[Opening EXCERPTED DATA section]

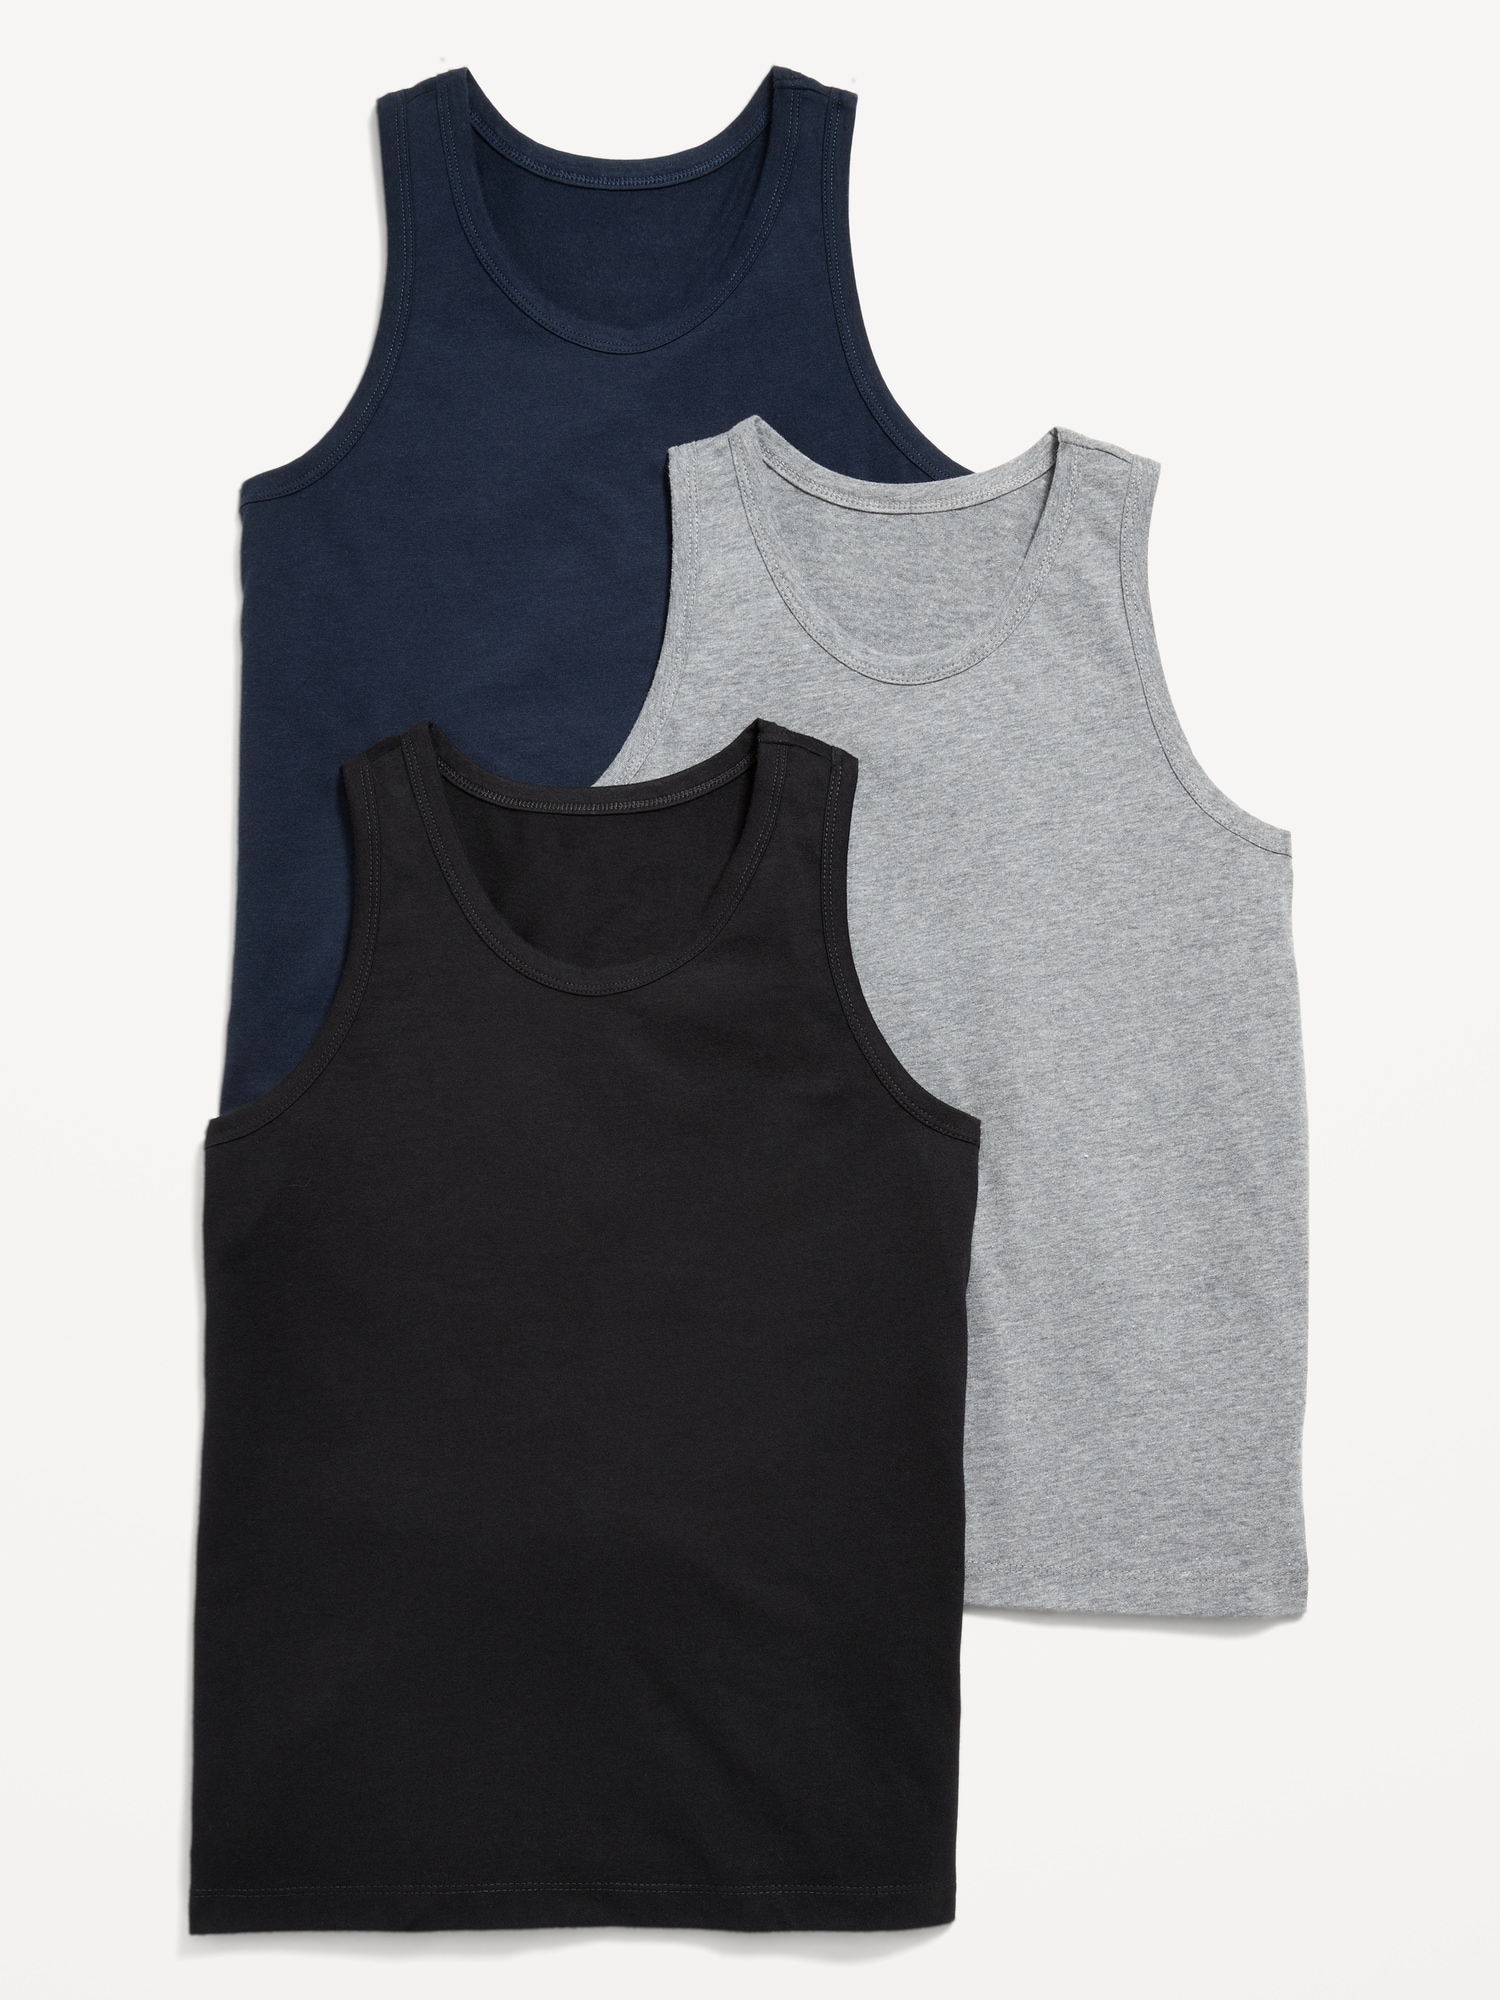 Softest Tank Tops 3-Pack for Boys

[Closing EXCERPTED DATA section]
[Opening EXCERPTED DATA section]

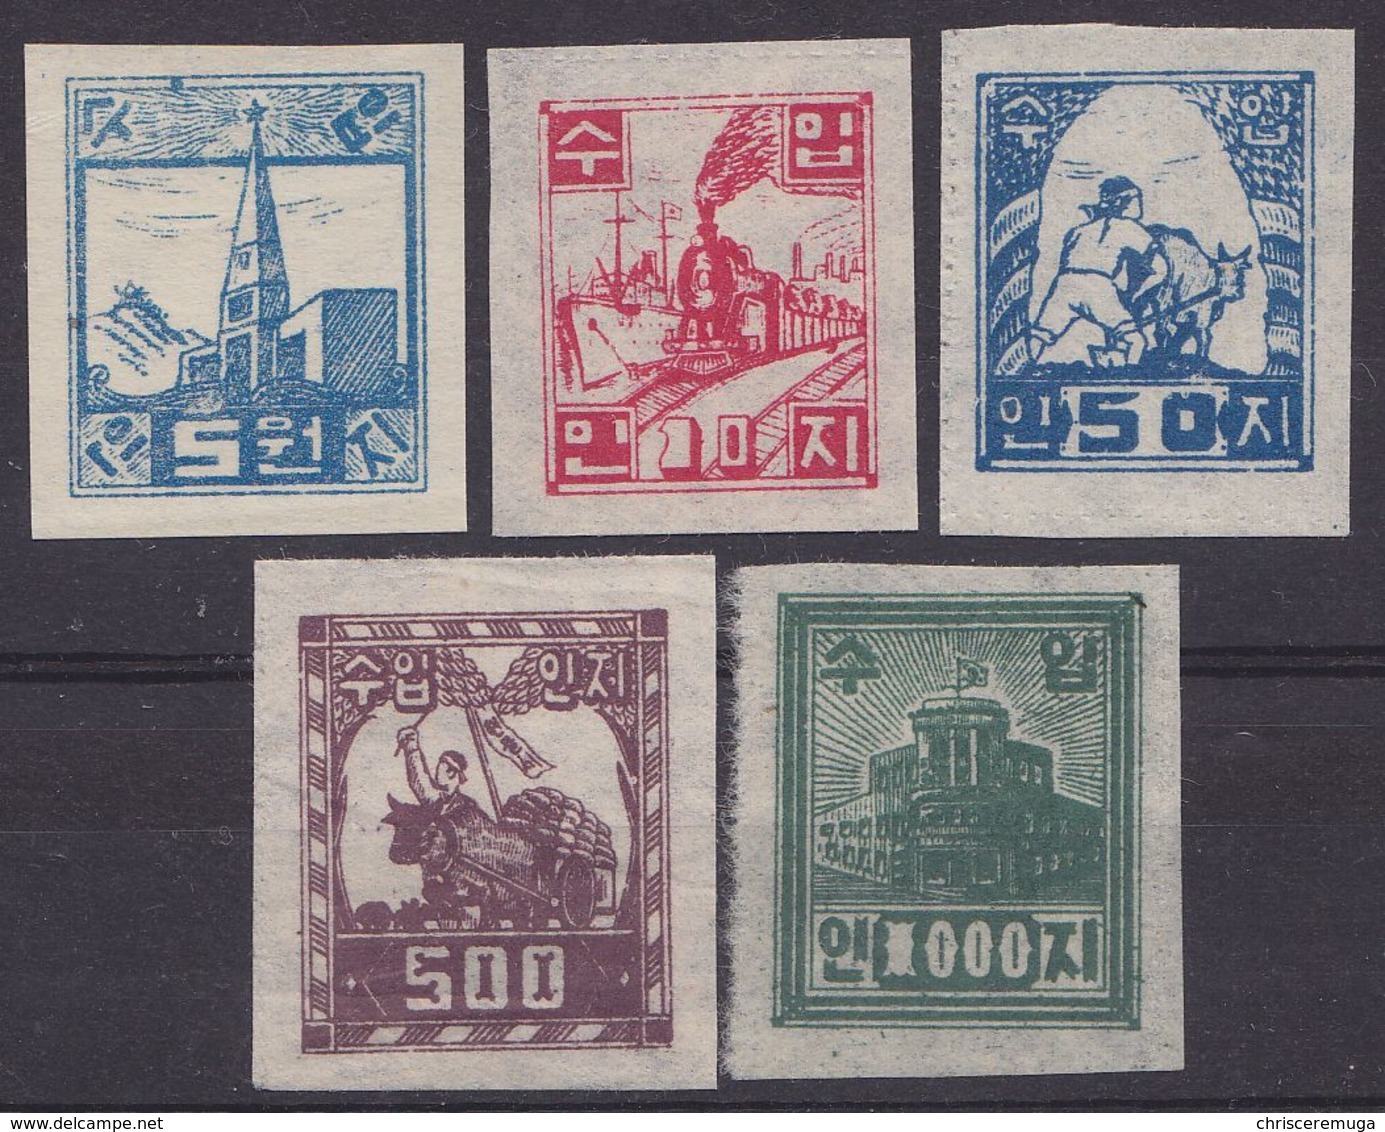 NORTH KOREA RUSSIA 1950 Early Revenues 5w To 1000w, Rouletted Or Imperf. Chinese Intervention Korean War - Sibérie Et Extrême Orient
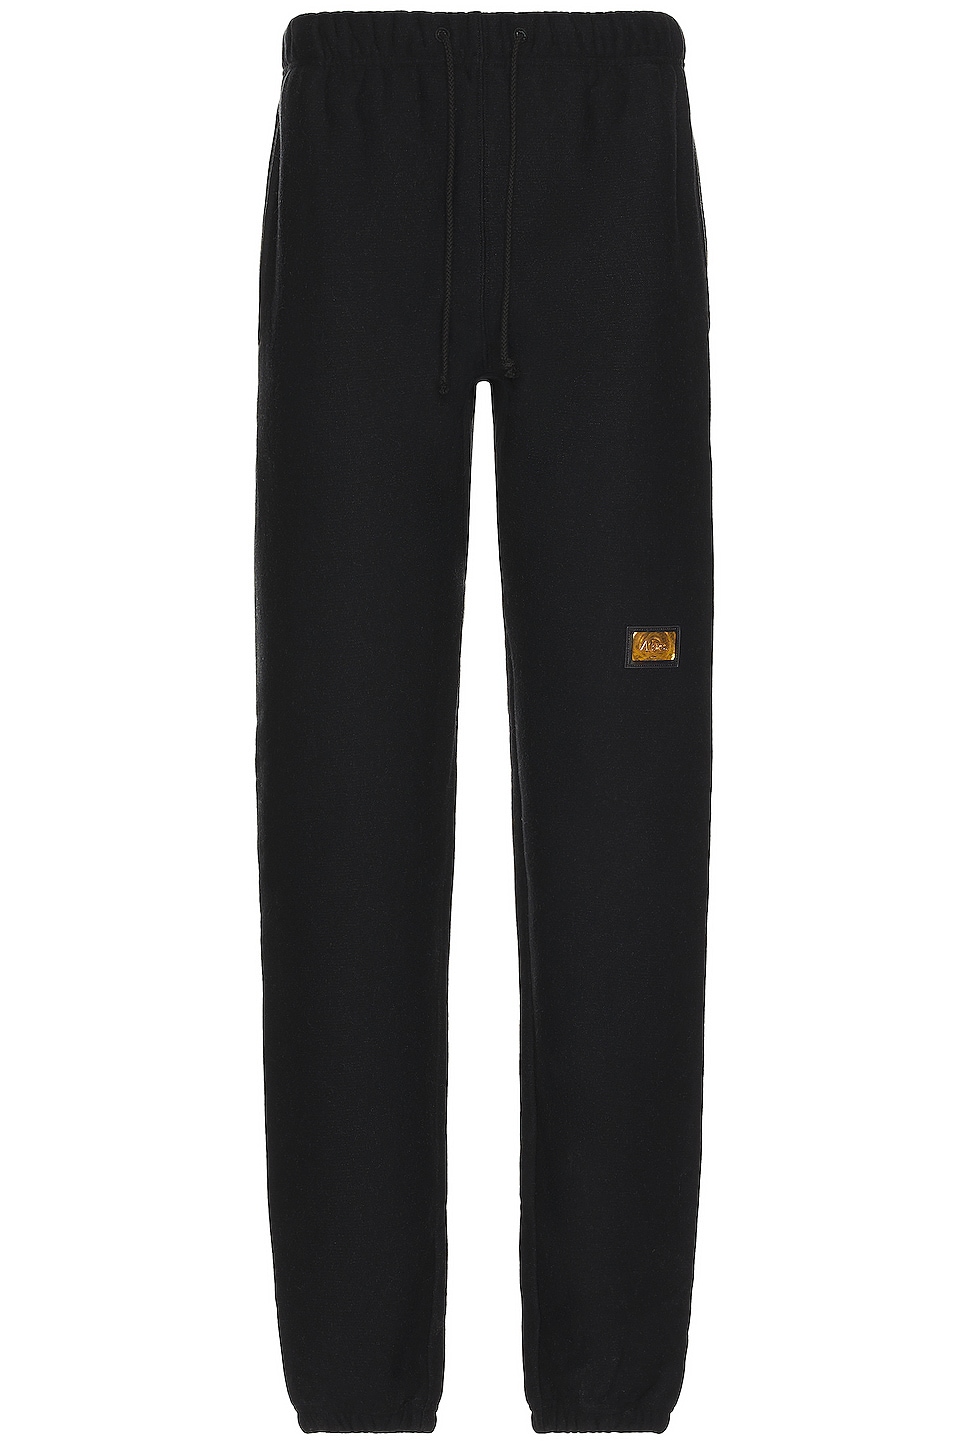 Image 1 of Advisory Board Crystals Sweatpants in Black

[Closing EXCERPTED DATA section]
[Opening EXCERPTED DATA section]

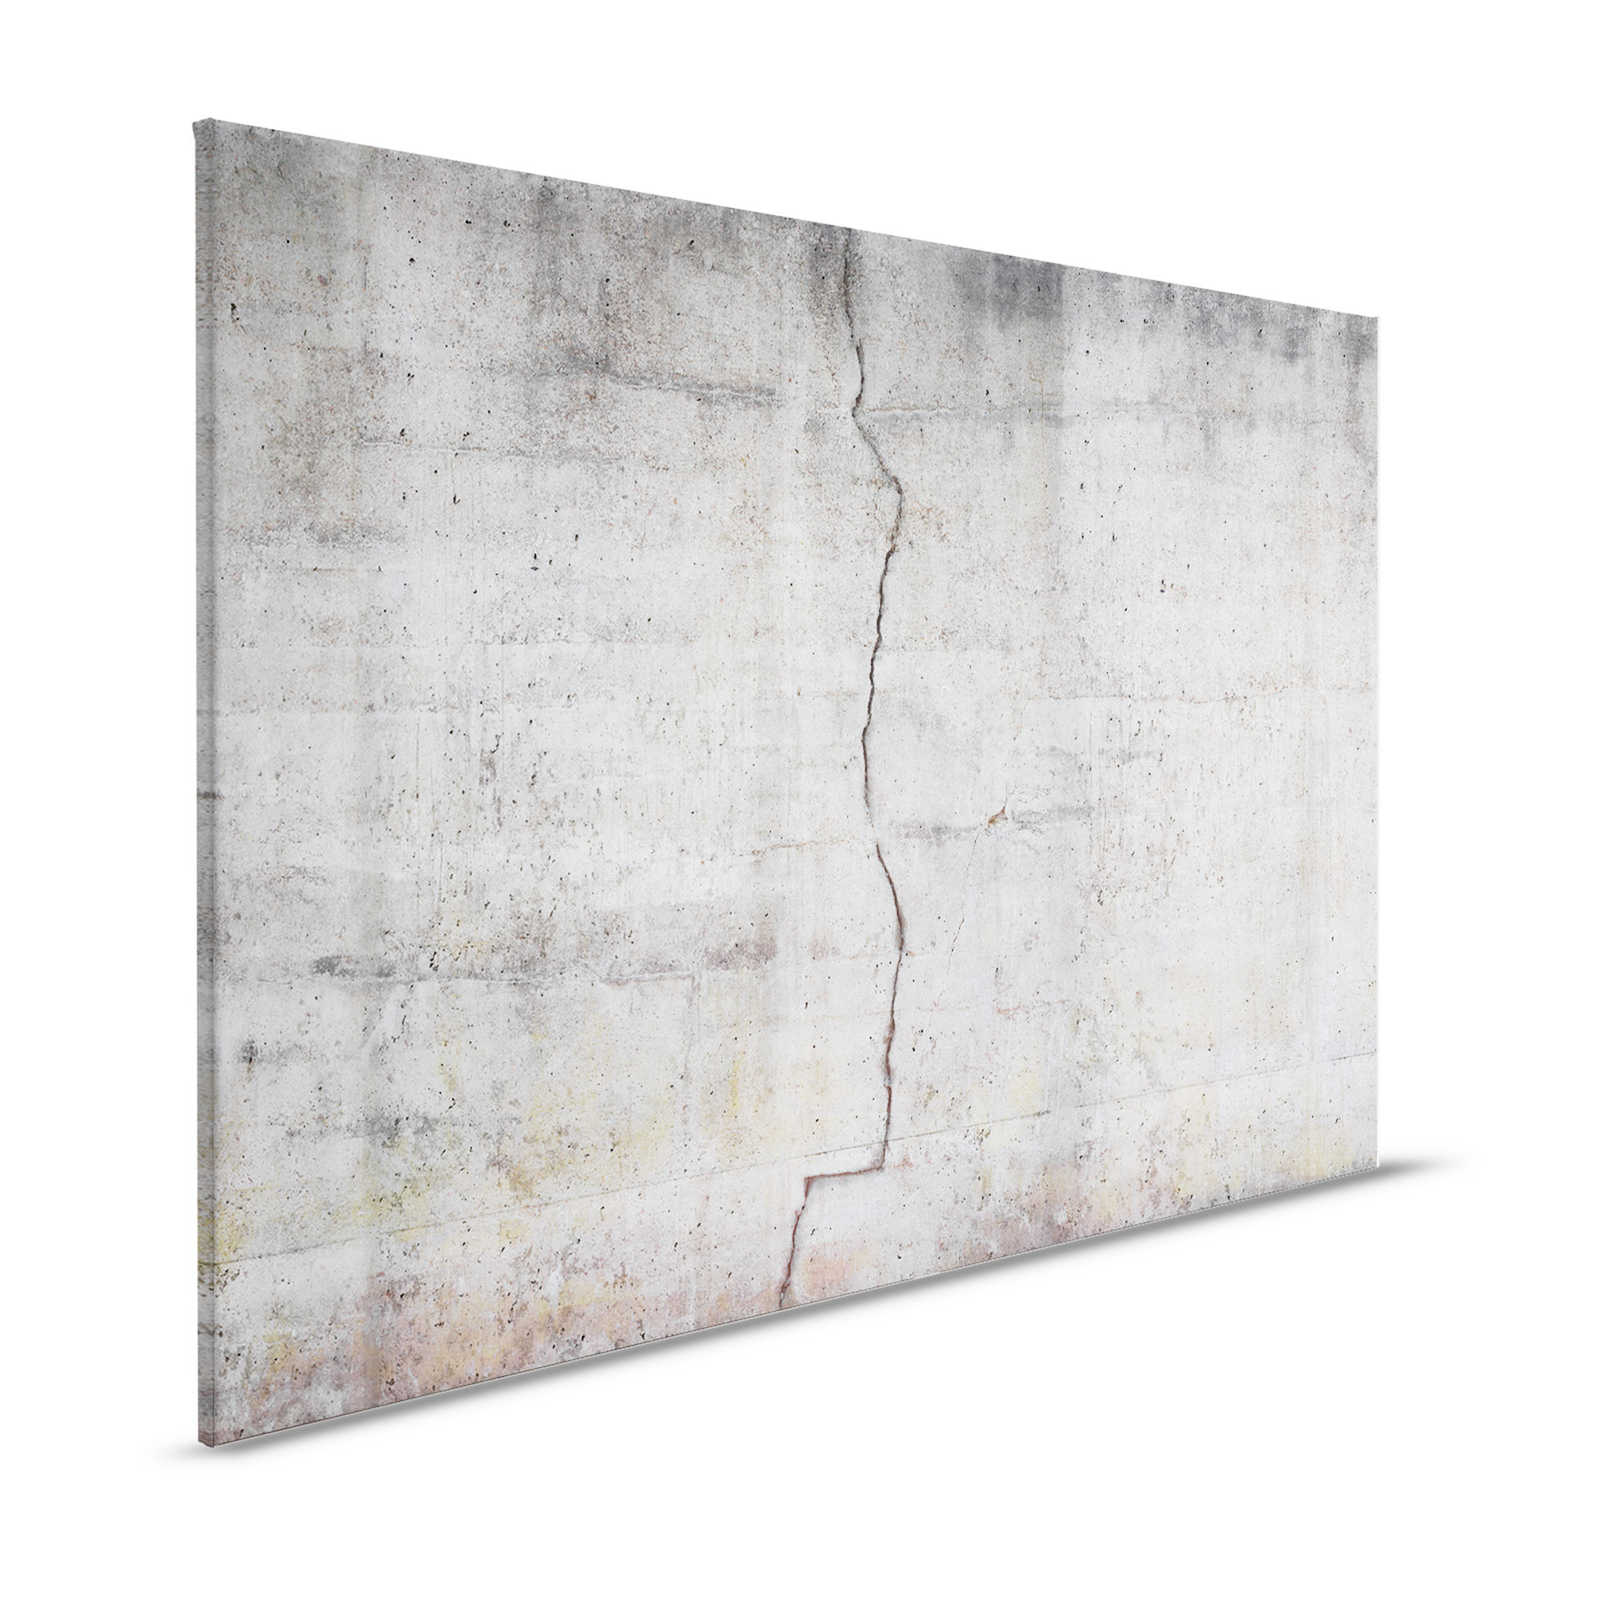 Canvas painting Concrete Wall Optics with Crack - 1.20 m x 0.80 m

[Closing EXCERPTED DATA section]

[WHAT IS REQUIRED]:
Copy exactly the lines of the listing above between the one holding "NORTH KOREA RUSSIA" and the one holding "Image 1 of Advisory", inclusive; omit all pictures.

[WRITTEN RESPONSE]:
 NORTH KOREA RUSSIA 1950 Early Revenues 5w To 1000w, Rouletted Or Imperf. Chinese Intervention Korean War - Sibérie Et Extrême Orient
 Image 1 of Advisory Board Crystals Sweatpants in Black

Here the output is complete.